Commercial Litigation generally involves any dispute arising in the course of business commerce. Our commercial litigation practice includes the following types of disputes:
- Business-to-business contractual disputes;
- Disputes arising from the solicitation of investment that finances a business (Securities litigation);
- Disputes regarding control of a business entity;
- Dissolution and winding up of a business entity;
- Breach of fiduciary duty claims;
- Common-law fraud, securities fraud, or consumer fraud claims;
- Contract and sales disputes arising under the Uniform Commercial Code;
- Unfair competition tort claims; and
- Antitrust claims.
Although we have appeared in bankruptcy courts and debt collection matters, our practice does not concentrate in these areas of commercial litigation. We also do not concentrate on corporate shareholder or merger/acquisition claims, RICO, banking and lending, credit, real estate or landlord-tenant claims, but can certainly help our clients obtain attorneys who do specialize in any of these types of commercial litigation claims.
Knowledge of the Industry at Issue
Although the legal skills involved in commercial litigation are fungible skills that carry over into any dispute, our experience has proven that a detailed familiarity with the particular industry context at issue is essential to understanding and prevailing on a claim. We therefore work closely with our clients to not only understand the nature of the dispute at hand, but also how that dispute fits into the bigger picture of our client's business.
"Bad Business" (short term) can be "Good Business" (long term)
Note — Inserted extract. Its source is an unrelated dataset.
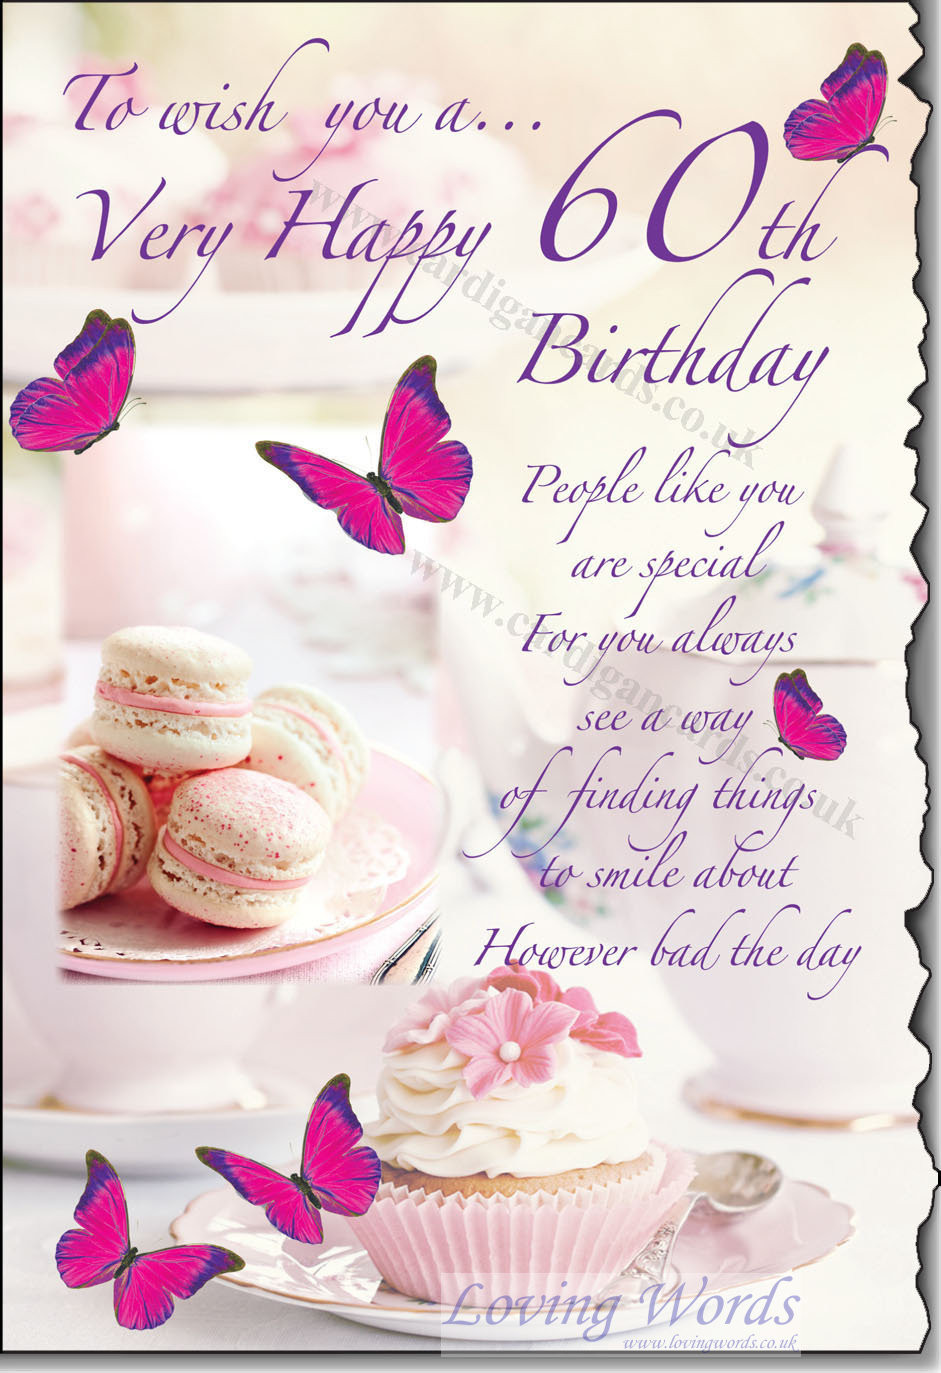 Quotes For 60Th Birthday Female
 Very Happy 60th Birthday

Our commercial litigation practice also is admittedly unconventional in a somewhat counter-productive fashion. Whereas many commercial litigators end up extending a dispute through endless discovery and pre-trial litigation only to settle the case on the eve of trial for what all parties knew the case was worth in the first place, we seek to avoid the expense and cut to the chase. Although counter-productive from an individual case-by-case perspective, we find that there are enough disputes out there to keep us busy and that it serves our clients better (and encourages repeat business) if we appreciate the benefit to the client of resolving each case as soon as possible. We are of course fully prepared to take the fight to the other side if an early compromise is not possible, but we do not consider it a failure if we achieve a quick and efficient settlement of a claim before we get a chance to generate a proportionate amount of legal fees.
Strategy over Legality
Just as everything in business depends not so much on what you sell but how you sell it, everything in commercial litigation depends not only upon what claims you can develop, but how you approach the other side in trying to resolve dispute. Sometimes a shotgun blast might intimidate an opponent into submission, but more often this common approach only entrenches the opposition into a defensive posture that extends the dispute through years of discovery until the eve of trial. Our approach toward commercial litigation always emphasizes achieving a resolution to the dispute, not aggravating or complicating the dispute even further. Although there are differing degrees of selfishness and narcissism amongst business people, rarely do commercial disputes involve genuine issues of good vs. evil, where a moral difference in ethics makes a dispute irresolvable. Resolving such disputes often involves understanding the personalities and psychology of the dispute from the other side, in addition to rendering an objectively strong legal posture.